This article may be distributed at will, but only if it is not changed in any way, and only if the author's name, the copyright notice, the name of the journal it first appeared in, and this notice remain attached. In addition, this article may not be sold for money, or published for sale in any way, without the author's prior written permission.

This article originally appeared somewhat different form in the Institute of Engineering and Technology's journal, Engineering and Technology.
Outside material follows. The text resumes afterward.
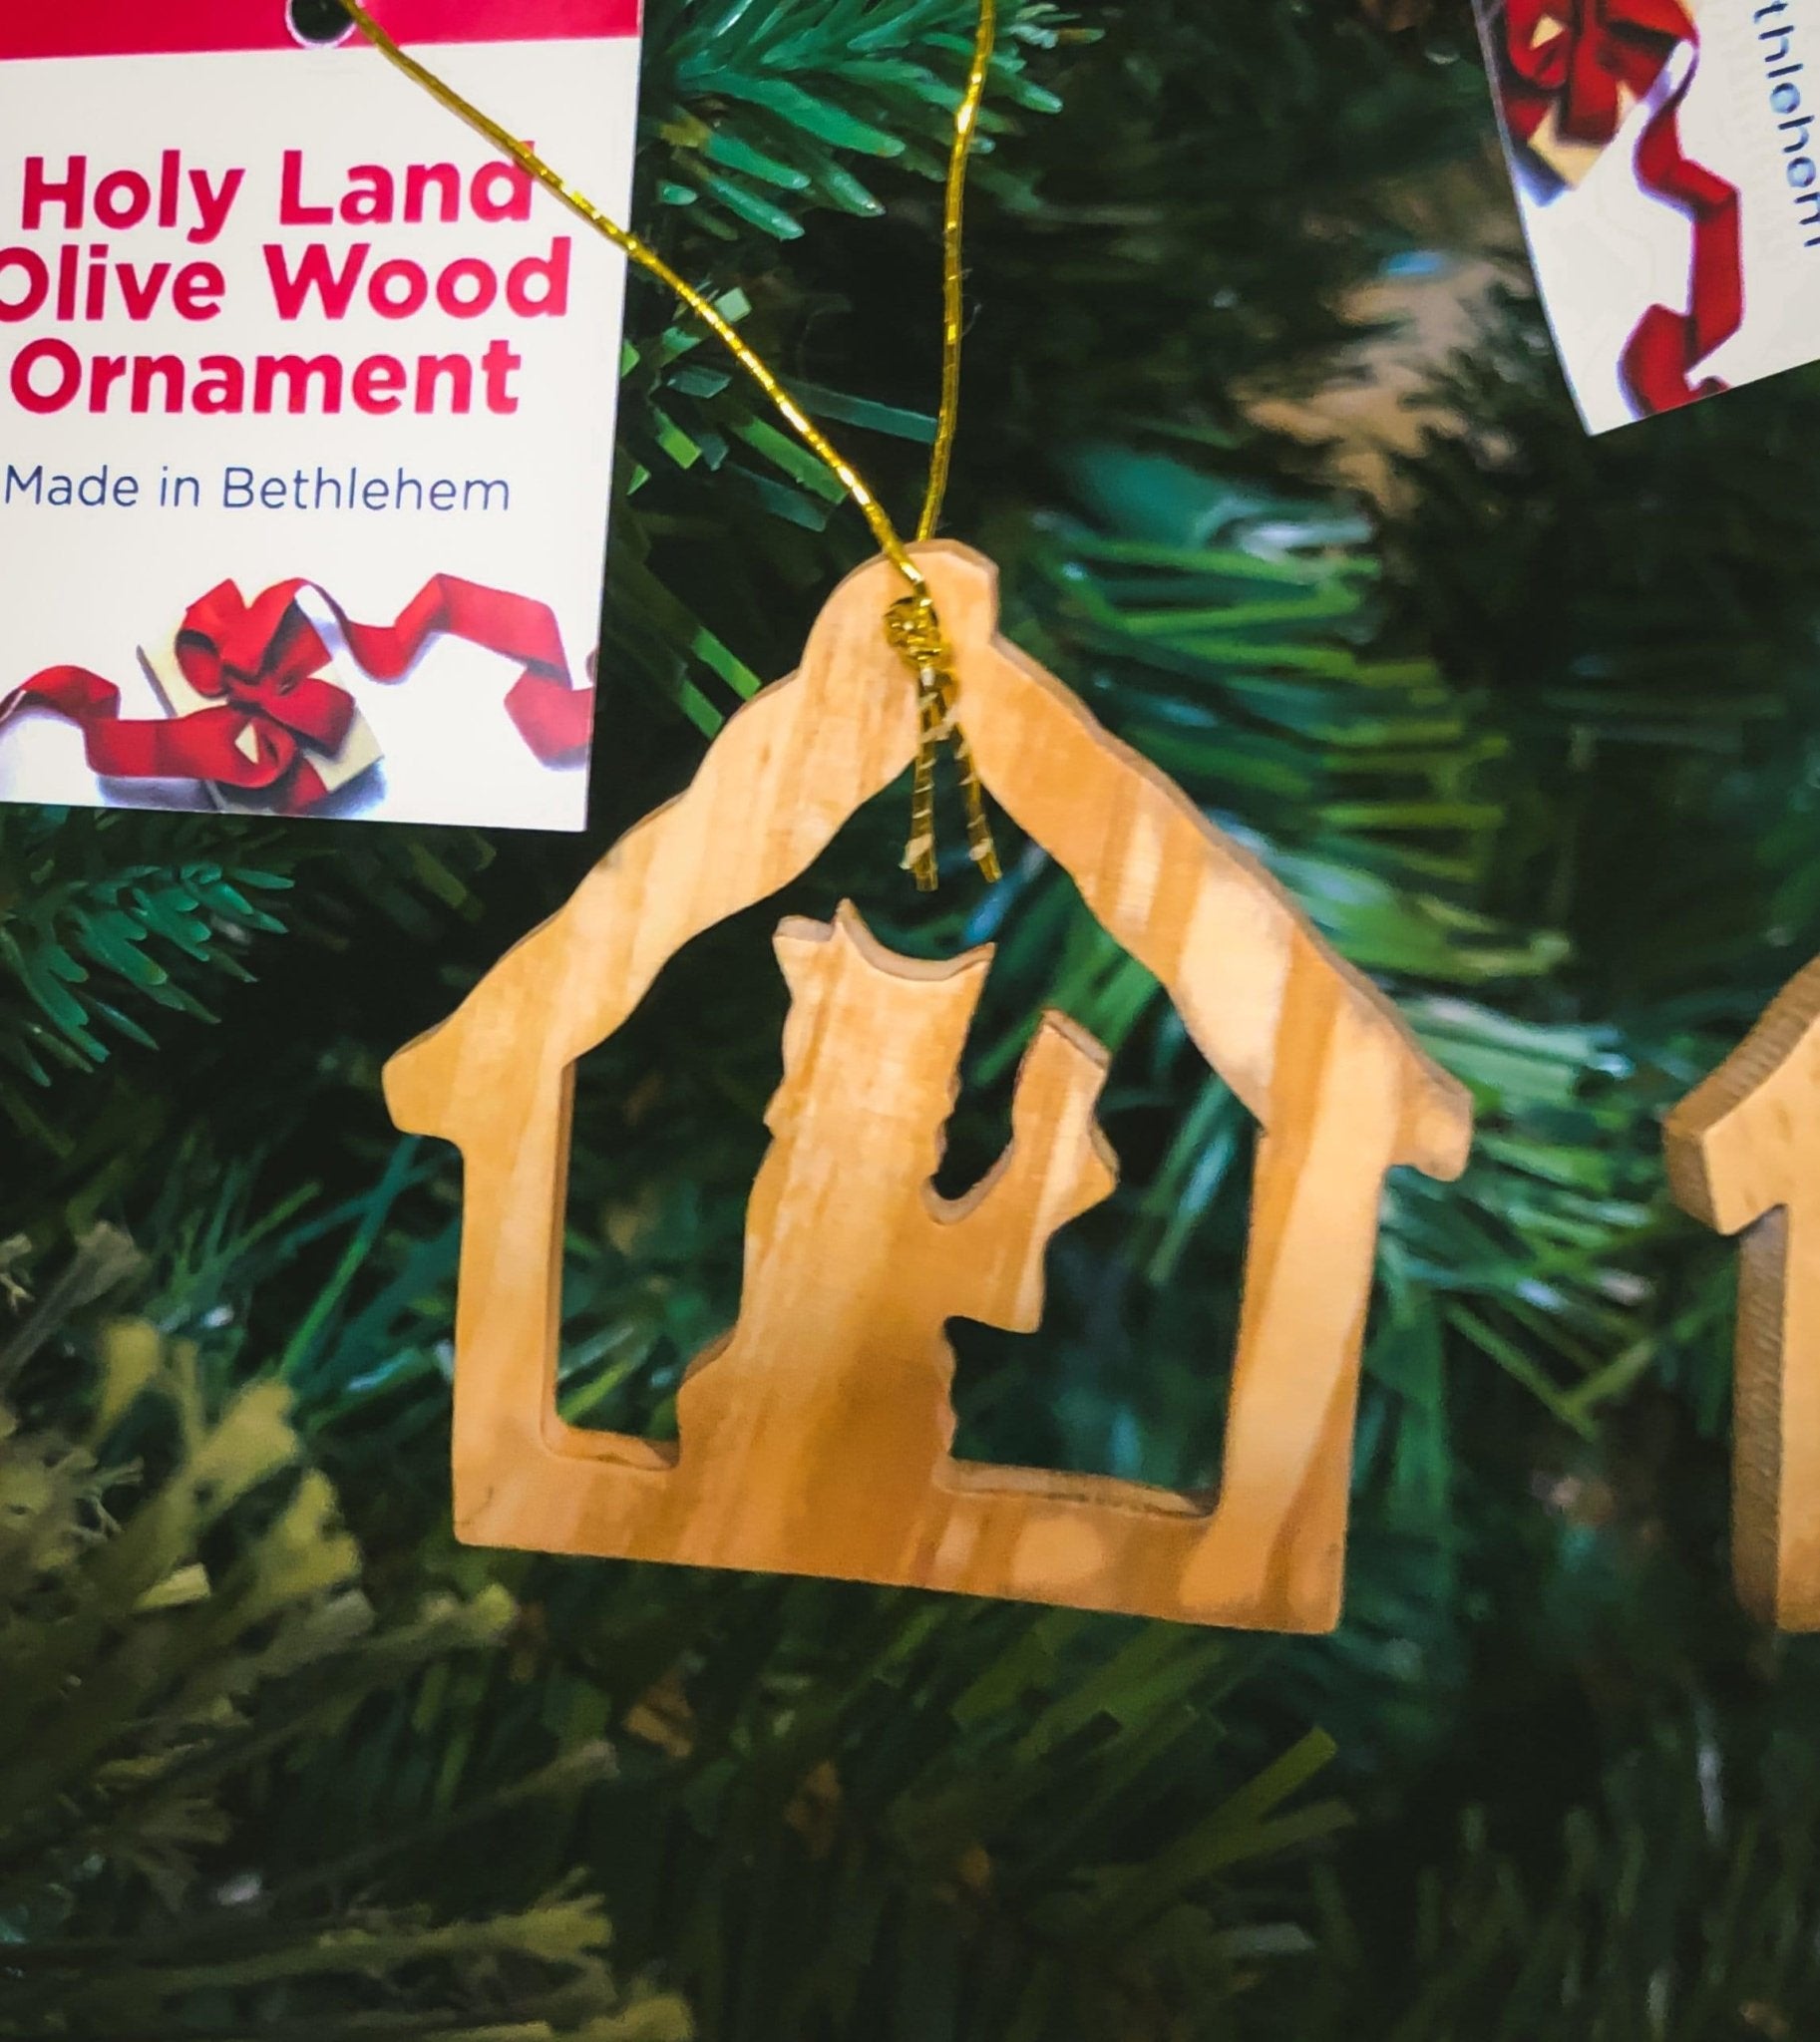 Holy Land Olive Wood Ornament - Value Pack of All 6 - Logos Trading Post, Christian Gift

Space: the elusive frontier


Donald F. Robertson

On 19th September 2005, NASA Administrator Dr. Michael Griffin announced the details of The United States
$104 billion plan to send astronauts back to Earth's moon by 2018 and go on to Mars. Critics called the plan Apollo Redux. Supporters called it a go-as-you-can-pay,
 politically-realistic strategy to keep the United States a spacefaring power.
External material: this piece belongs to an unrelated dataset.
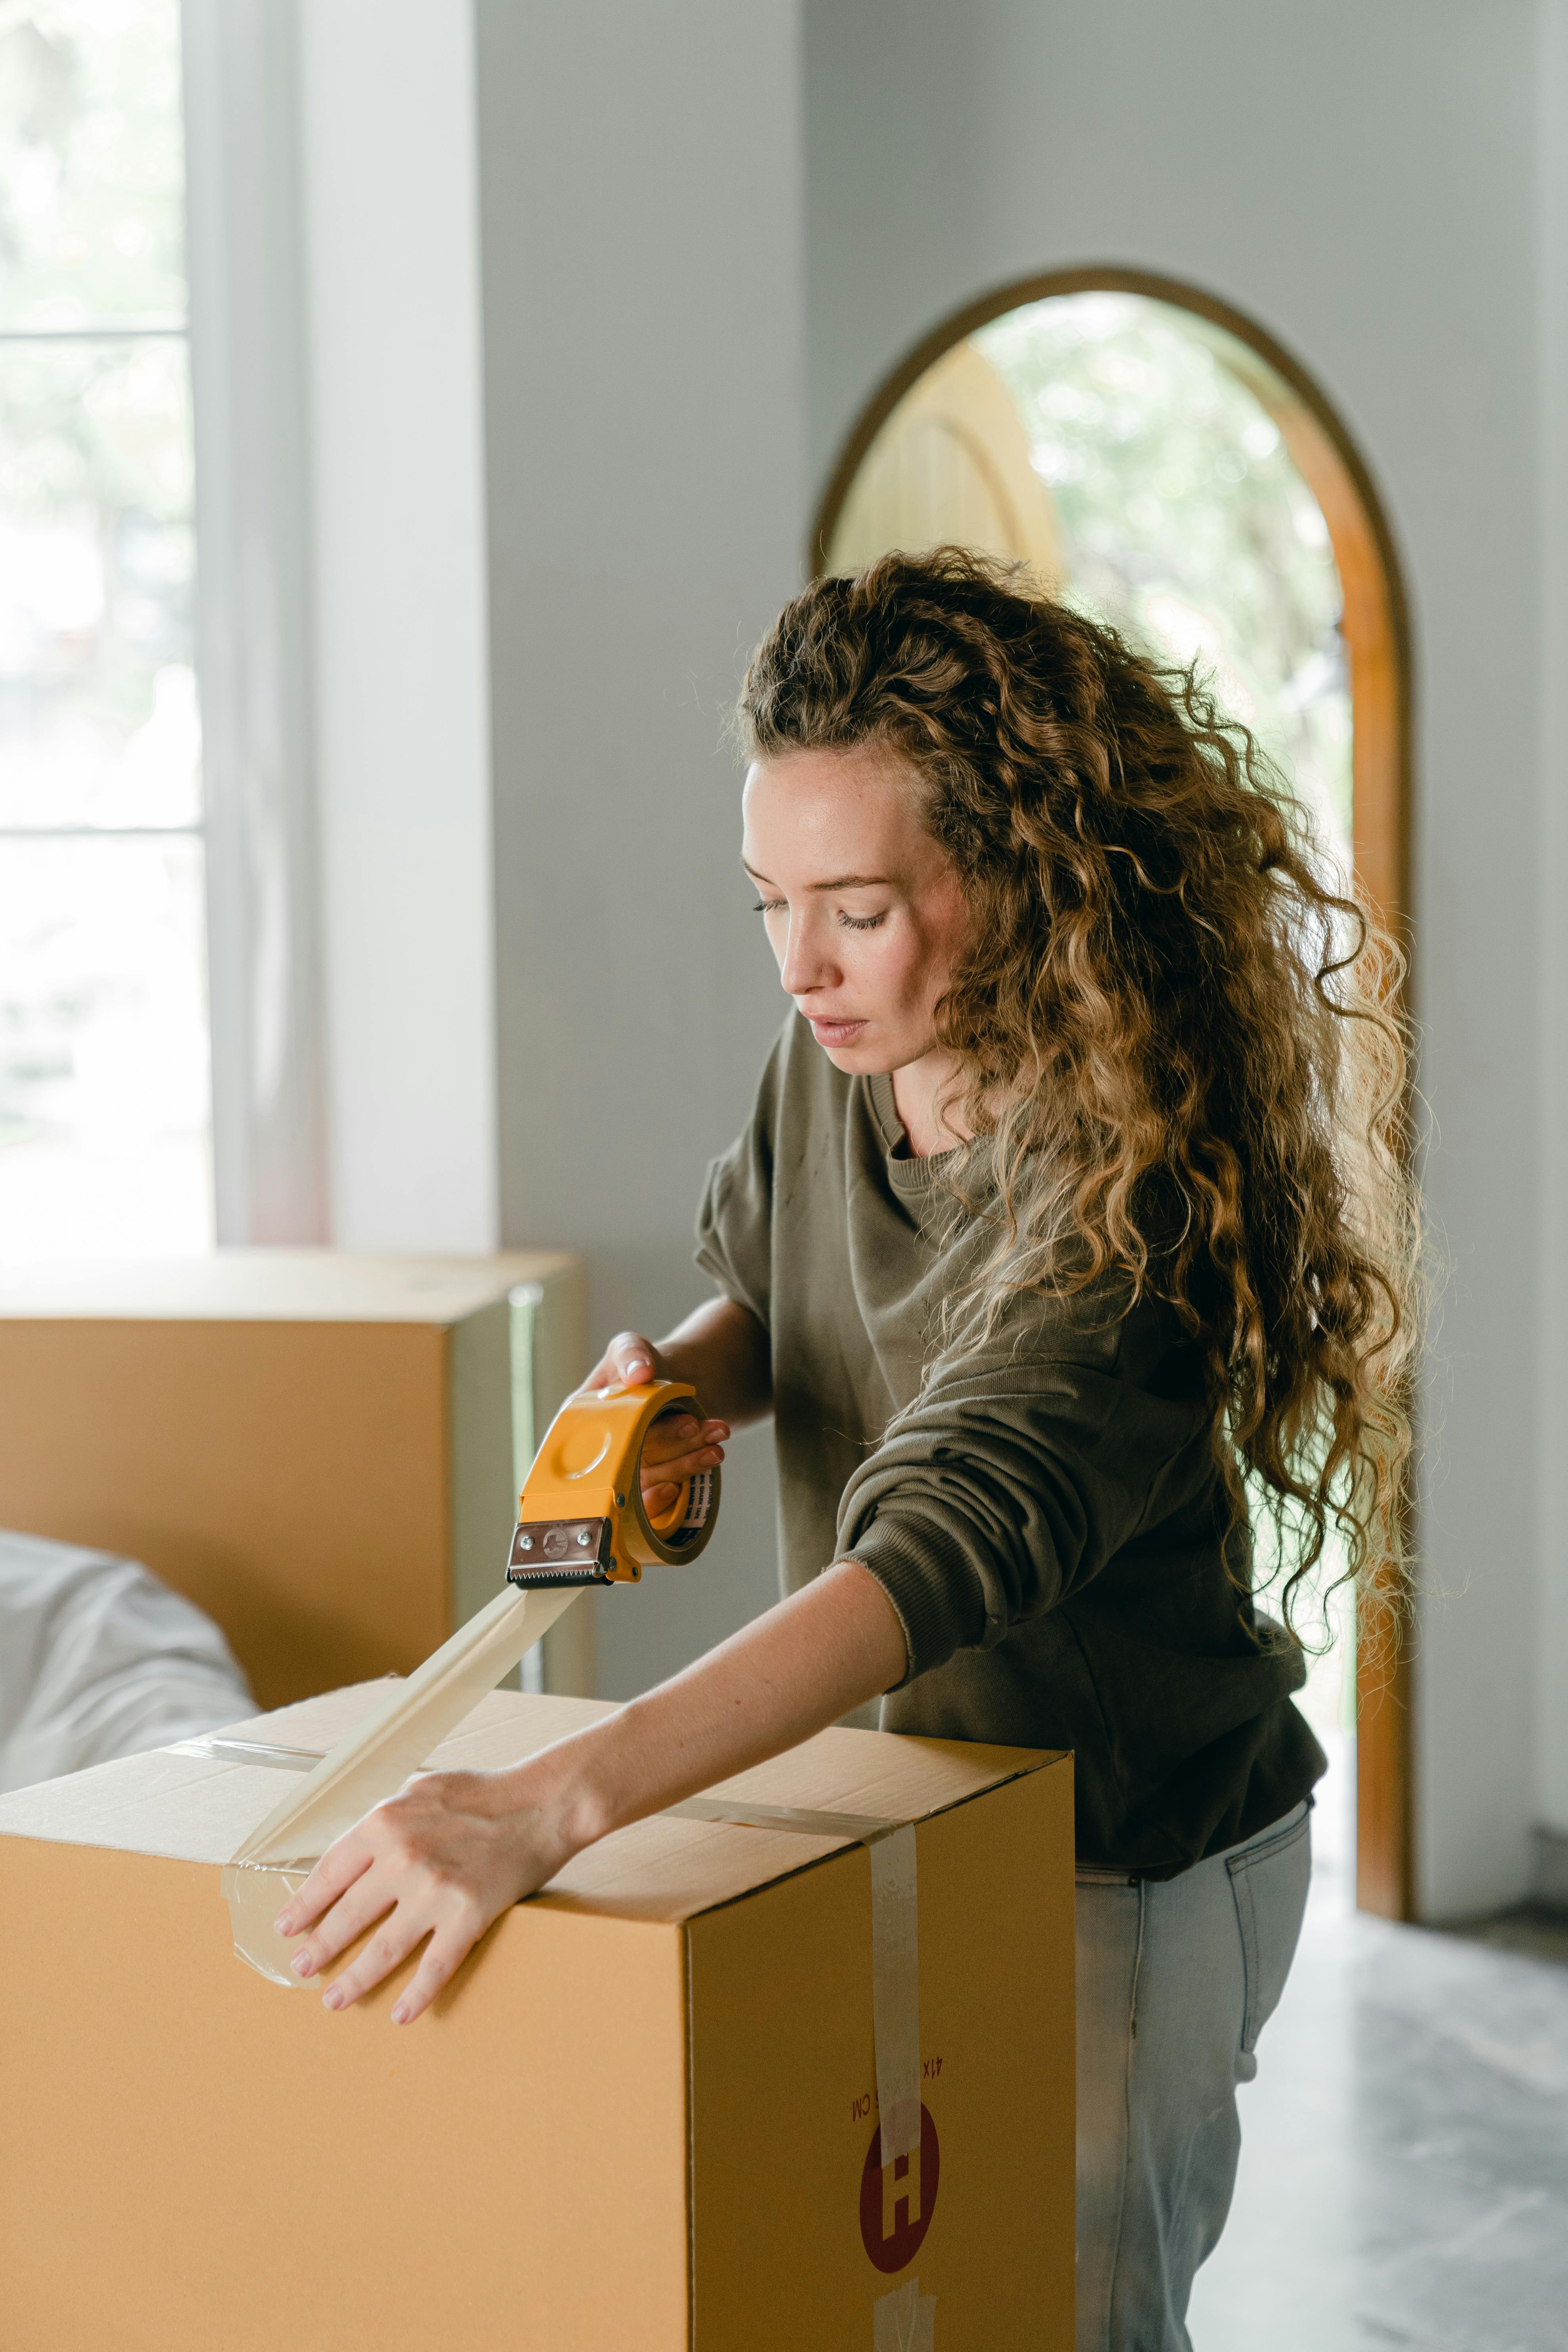 A young woman packing moving boxes | Source: Ketut Subiyanto on Pexels

NASAs new plan represents a painful accommodation with two conflicting political constraints. The United States is unlikely to fully retreat from human spaceflight -- especially with geopolitical adversaries like China entering the fold. Congress will not let NASA move beyond the Space Shuttle and Space Station if it costs much more than the country already spends.

NASA is giving up an almost four decade push to lower the price of reaching orbit. The unsustainably fragile Space Shuttle will be retired by 2010 or earlier. New reusable rocket development and other long-term research with no immediate application will be suspended. Instead, NASA is assembling the technology and money it already has into a focused effort to establish additional human outposts in space, beyond the International Space Station. The market to supply those destinations may pull private efforts to create innovative launch vehicles and start the earliest beginnings of trade on the new frontier.
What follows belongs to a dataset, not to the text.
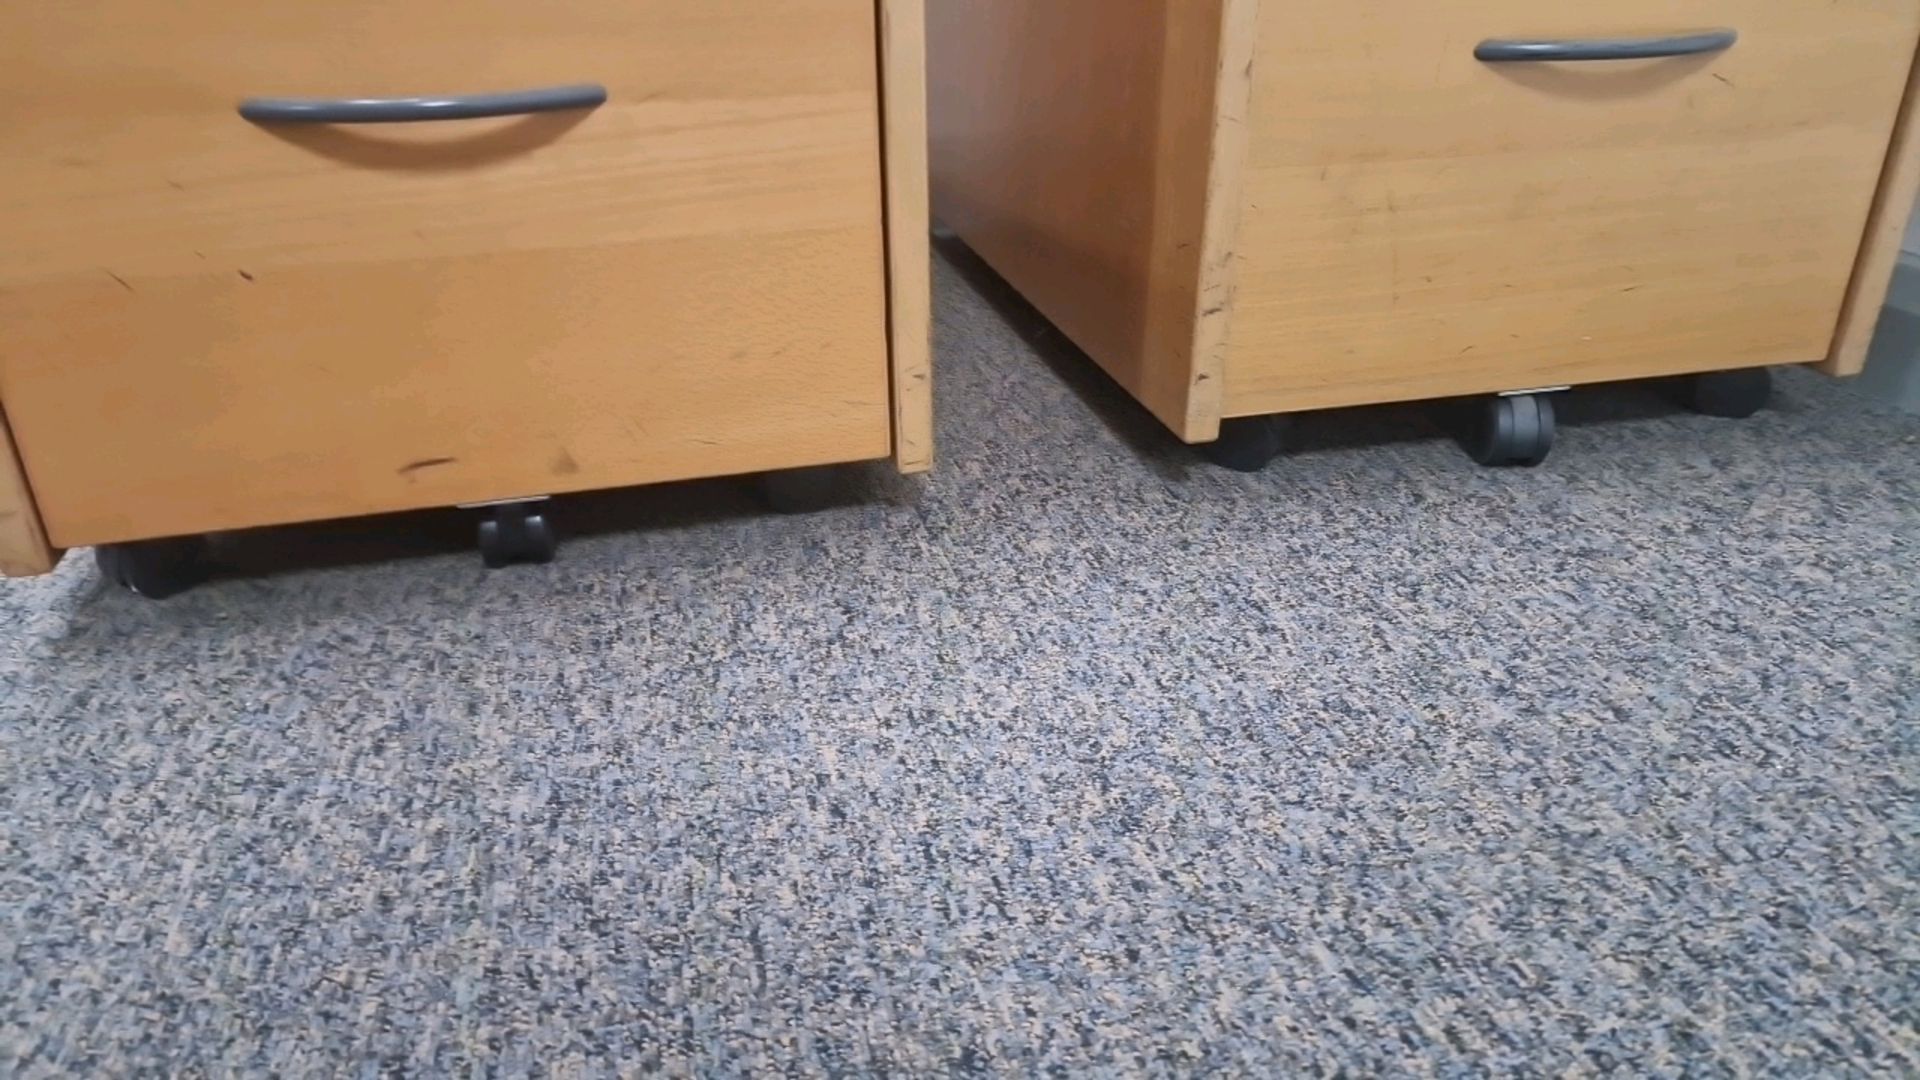 Wooden Under Desk Drawers x2 - Image 2 of 4

Will this reversal of priorities work? Or, is the United States headed down another blind alley on the elusive road to a spacefaring civilization?


As the Space Shuttle program winds down, old bits from the Shuttle, Apollo Saturn rockets, and the Centaur upper stage and a few carefully chosen new pieces will be assembled into two launch vehicles.

The Space Shuttle reusable Solid Rocket Booster, using technology dating from the early 1970s, forms the core of NASAs new transportation architecture. In spite of being the direct cause of the Shuttle Challengers loss two decades ago and impossible to shut down once it is ignited this redesigned and relatively inexpensive rocket is now considered reasonably safe and reliable.

Crews will be launched on a single stick four-segment Shuttle booster with a new cryogenic upper stage powered by one Space Shuttle Main Engine. Retired Shuttle engines will be flown one last time on the new vehicles; when those run out, a simplified, non-reusable version will be deployed. NASA has allocated approximately $3.2 billion to develop this Crew Launch Vehicle.

The Space Shuttles replacement will be the much smaller Crew Exploration Vehicle. This is a modernized, reusable, scaled up Apollo spacecraft: a blunt cone 5.5 meters in diameter with a crew of four to six. An expendable service module containing tankage, thrusters, and a main engine is mounted behind. Development is underway and is expected to cost some $5.5 billion.

After a series of automated test flights, trial missions to the Space Station are planned for 2012. Ultimately, NASA hopes to off-load this task to commercial operators, jump-starting a new industry delivering bulk cargo to orbit. Future Crew Exploration Vehicles will be dedicated to lunar missions.

After the exploration vehicle and its rocket are safely flying, development will begin on a second rocket. Able to life 125 metric tons more than the old Saturn-V moon rocket this behemoth also will be built from cast-off parts from the Shuttle. Two five-segment Shuttle solid rocket boosters will be attached to the sides of a lengthened Shuttle External Tank and five Shuttle main engines will be mounted underneath.


Not everything can be pilfered from NASAs rubbish heap. A brand new methane-burning engine is under development for use on the Crew Exploration Vehicles service module and a newly designed lander. The relatively simple engine will be pressure fed to avoid complex compressors and turbo pumps that could go wrong on long missions to the planets.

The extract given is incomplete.